Please return the full listing word for word, leaving out any pictures.

* INFORMATION SHOWN
[Start of section]

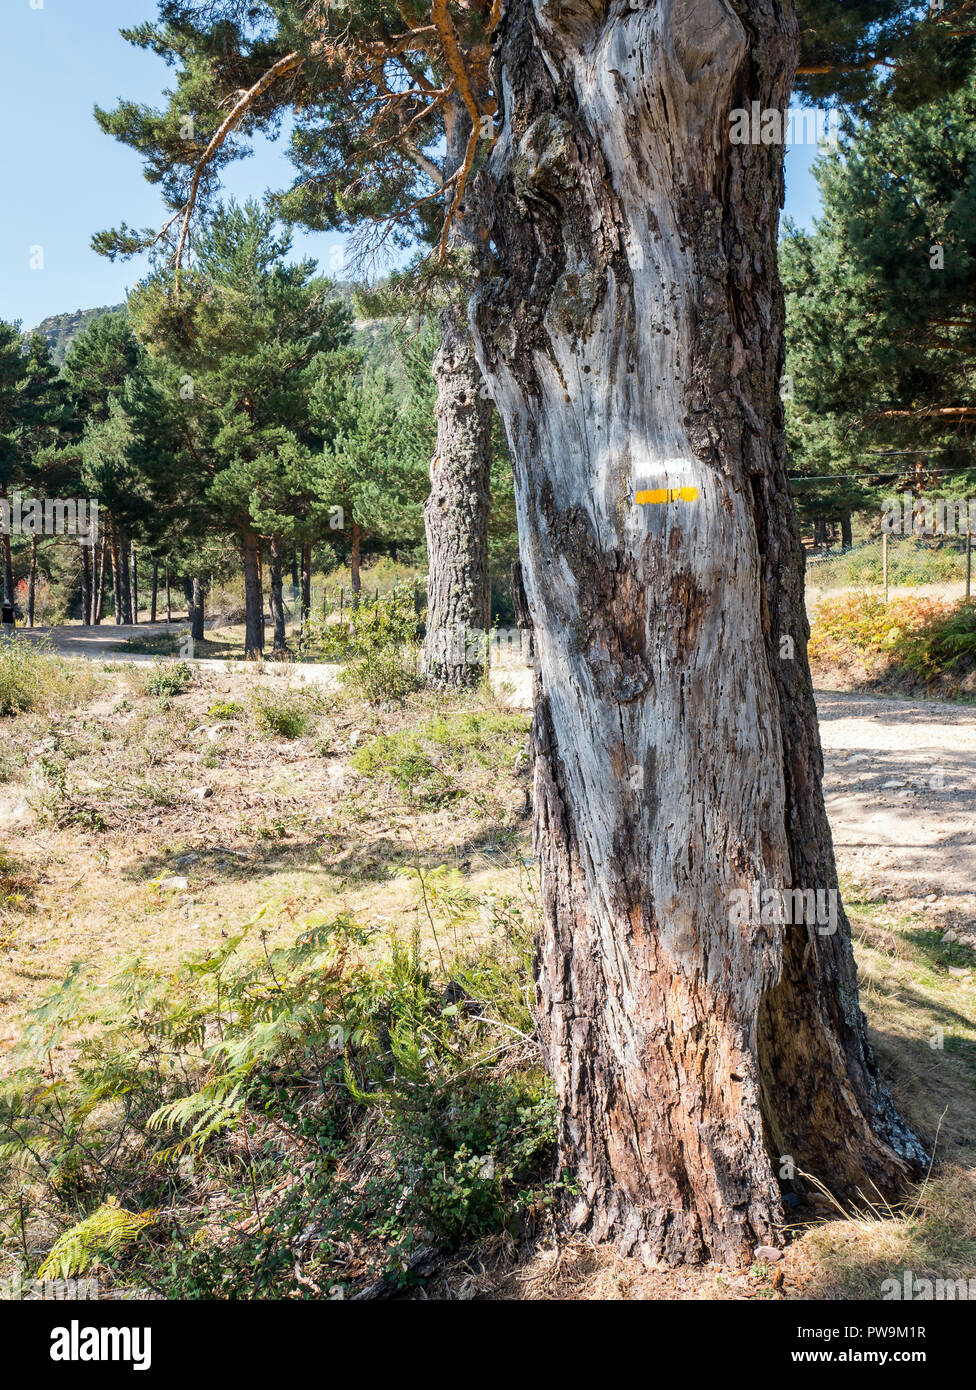 Señal de sendero sobre un pino. Valle de la Barranca en la Sierra de Guadarrama y dentro del 'Parque regional de la cuenca alta del Manzanares' (reser Stock Photo
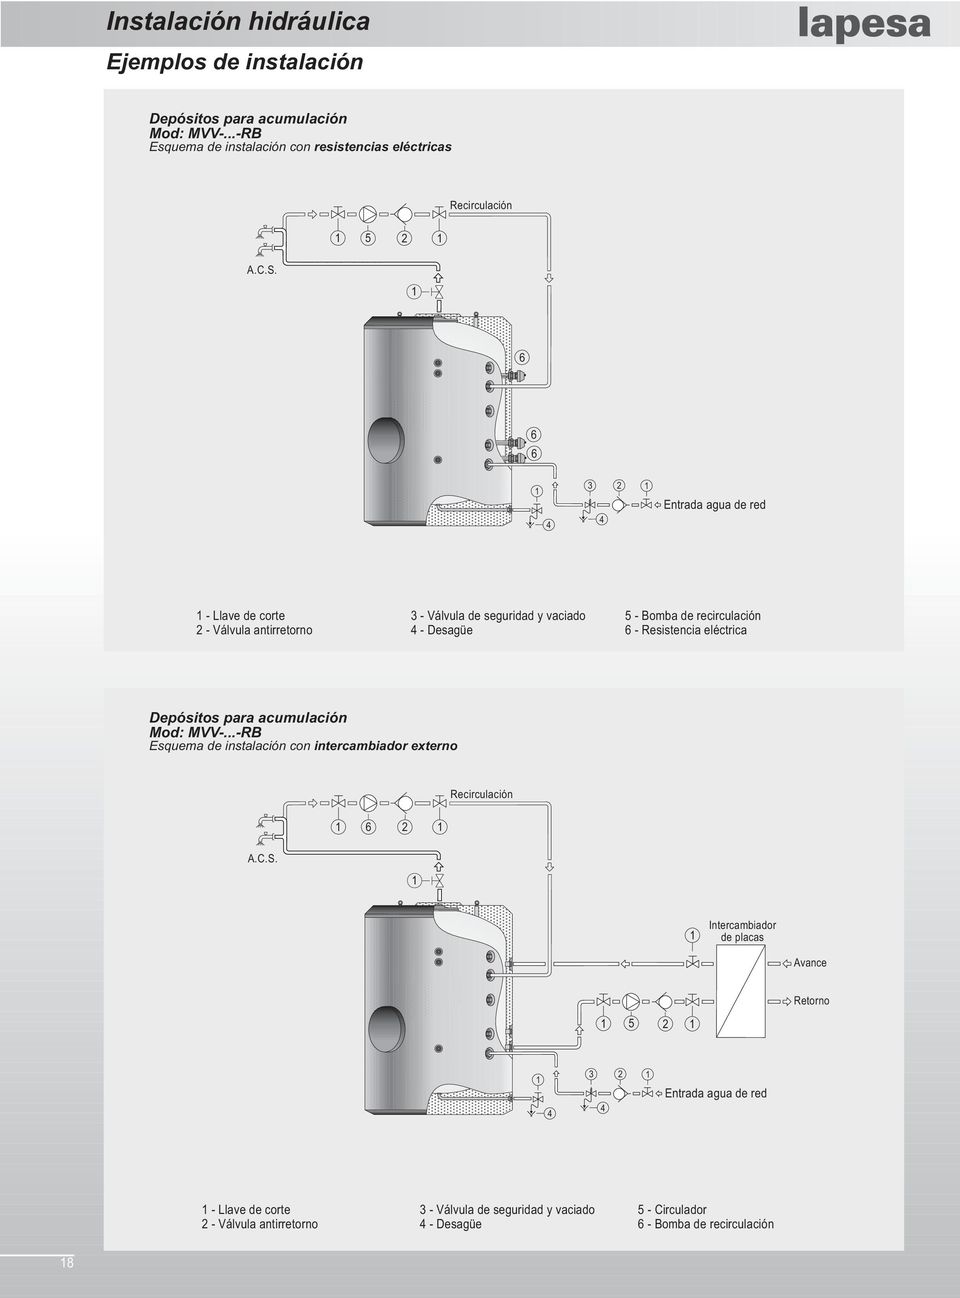 eléctrica Depósitos para acumulación Mod: MVV-...-RB Esquema de instalación con intercambiador externo Recirculación 6 2 A.C.S.
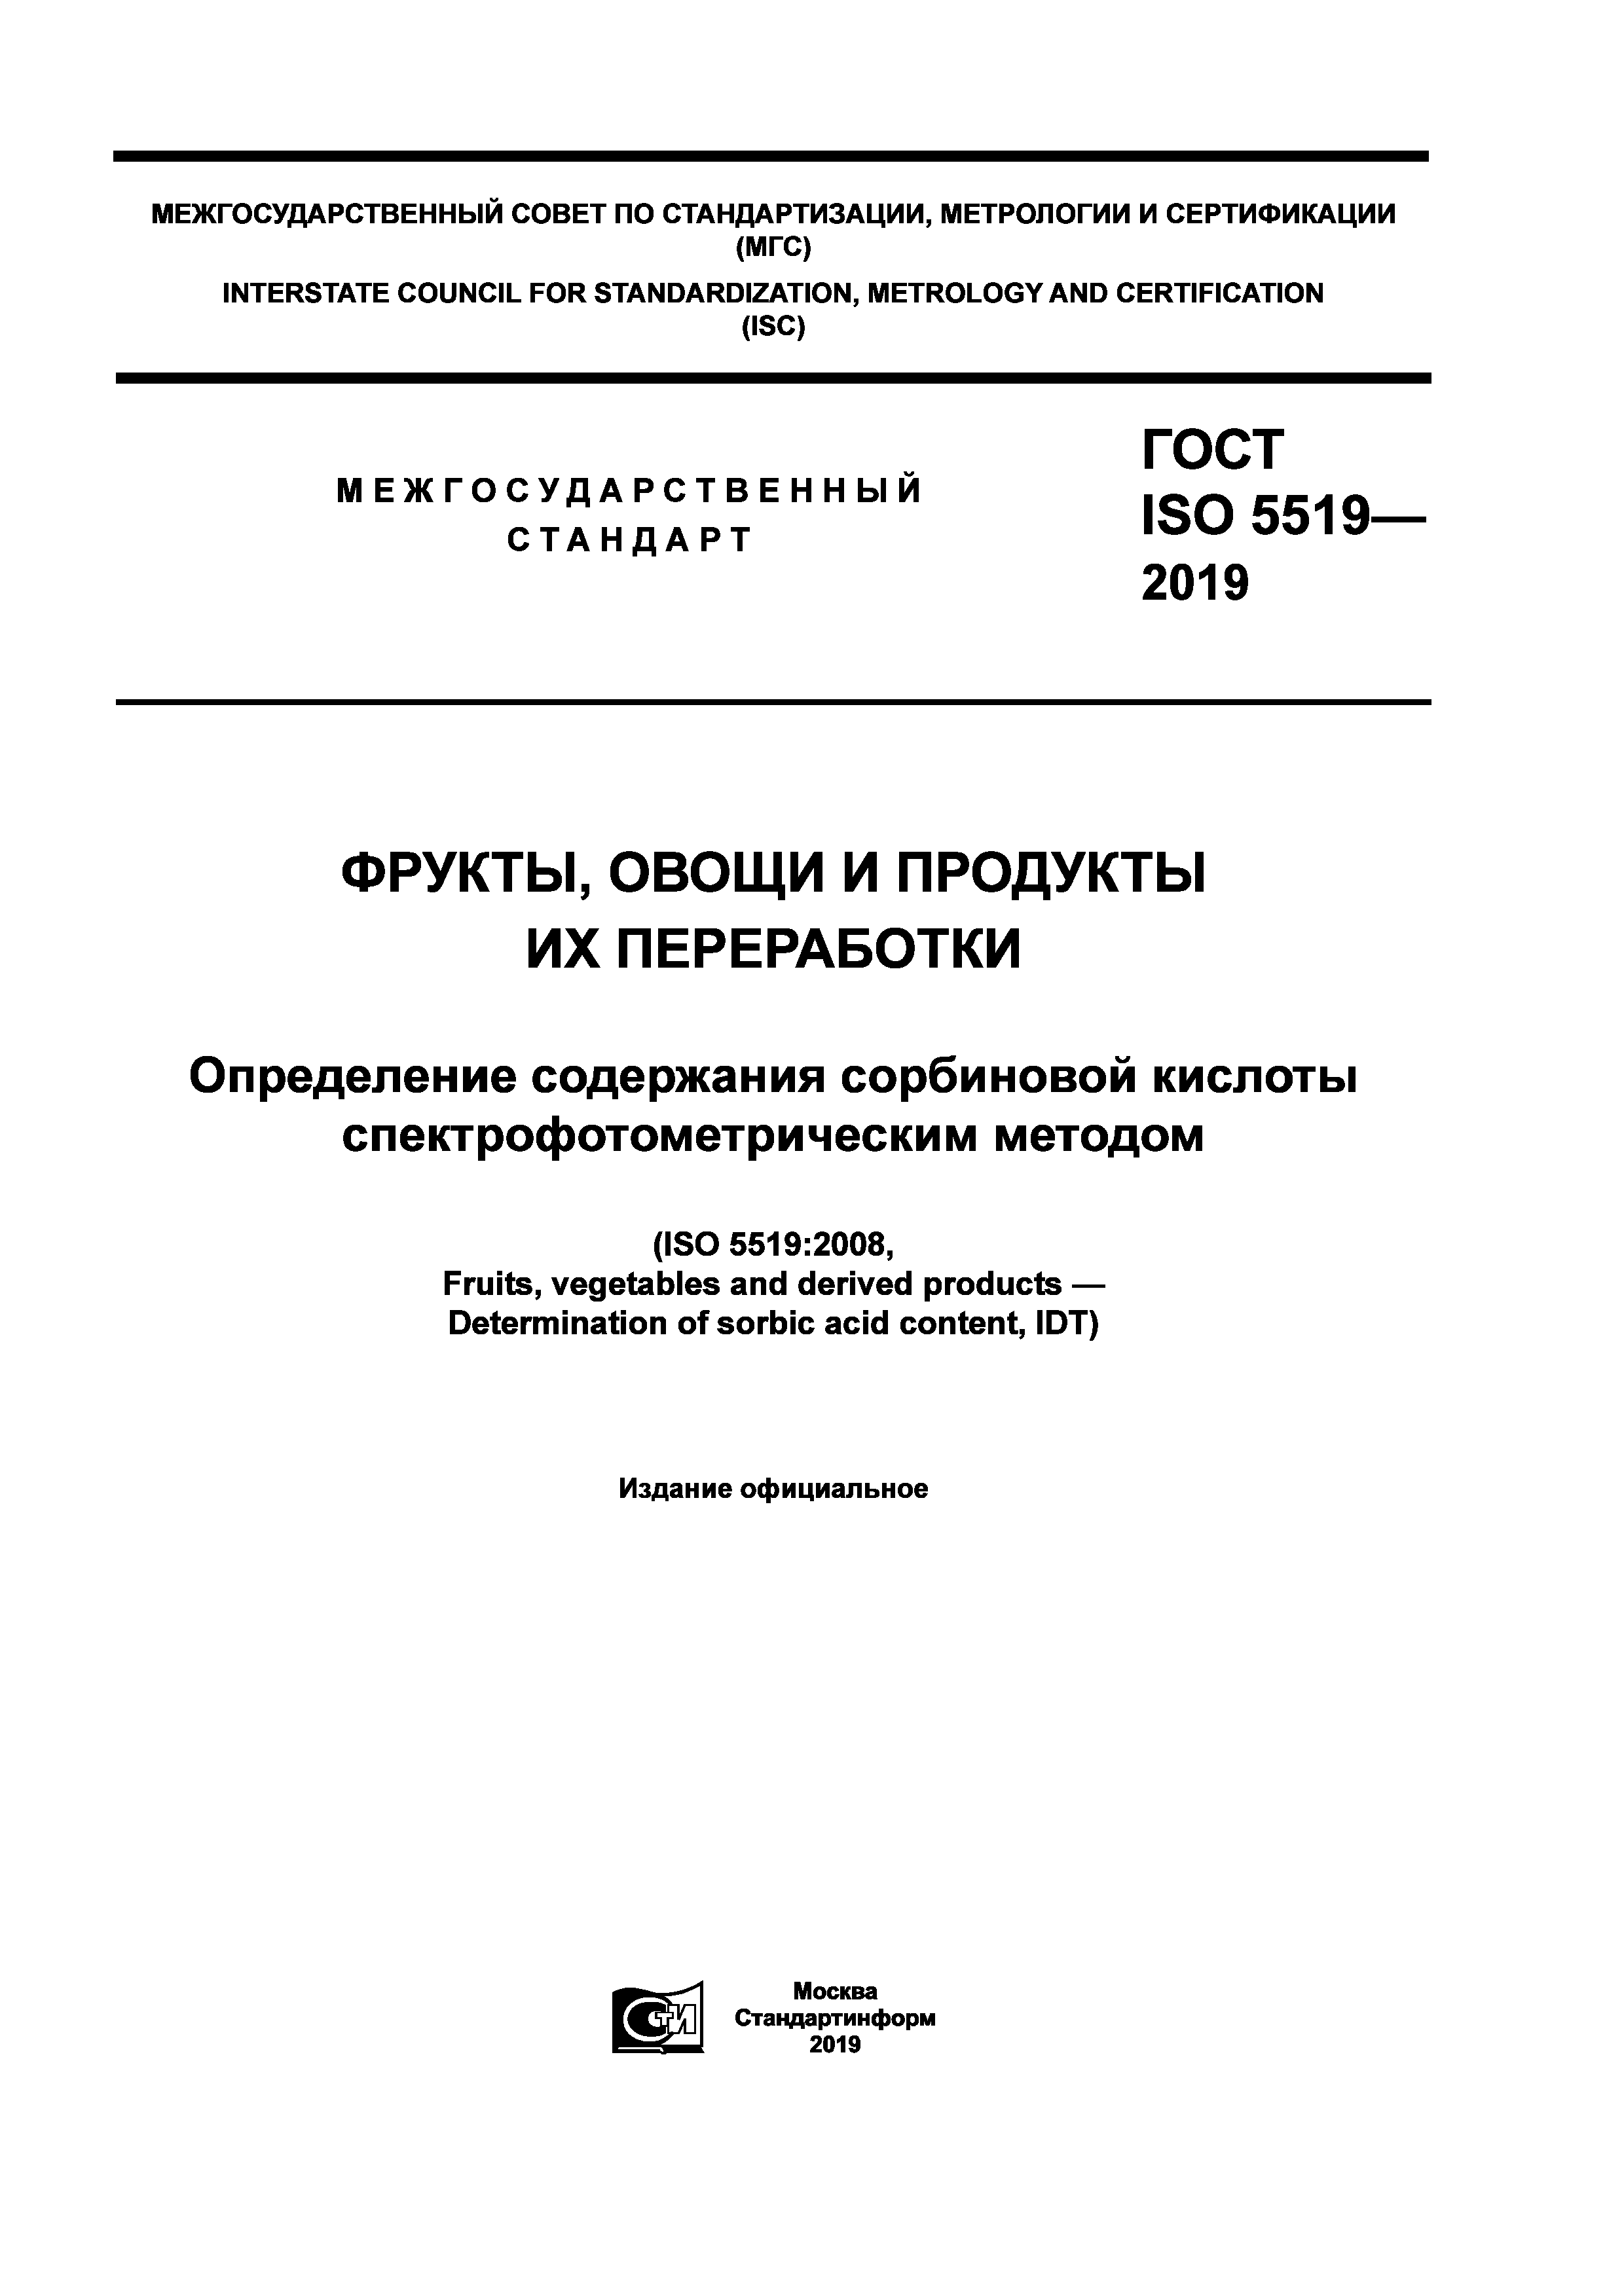 ГОСТ ISO 5519-2019

[End of section]

* TASK SOLUTION
 Señal de sendero sobre un pino. Valle de la Barranca en la Sierra de Guadarrama y dentro del 'Parque regional de la cuenca alta del Manzanares' (reser Stock Photo
 eléctrica Depósitos para acumulación Mod: MVV-...-RB Esquema de instalación con intercambiador externo Recirculación 6 2 A.C.S.
 ГОСТ ISO 5519-2019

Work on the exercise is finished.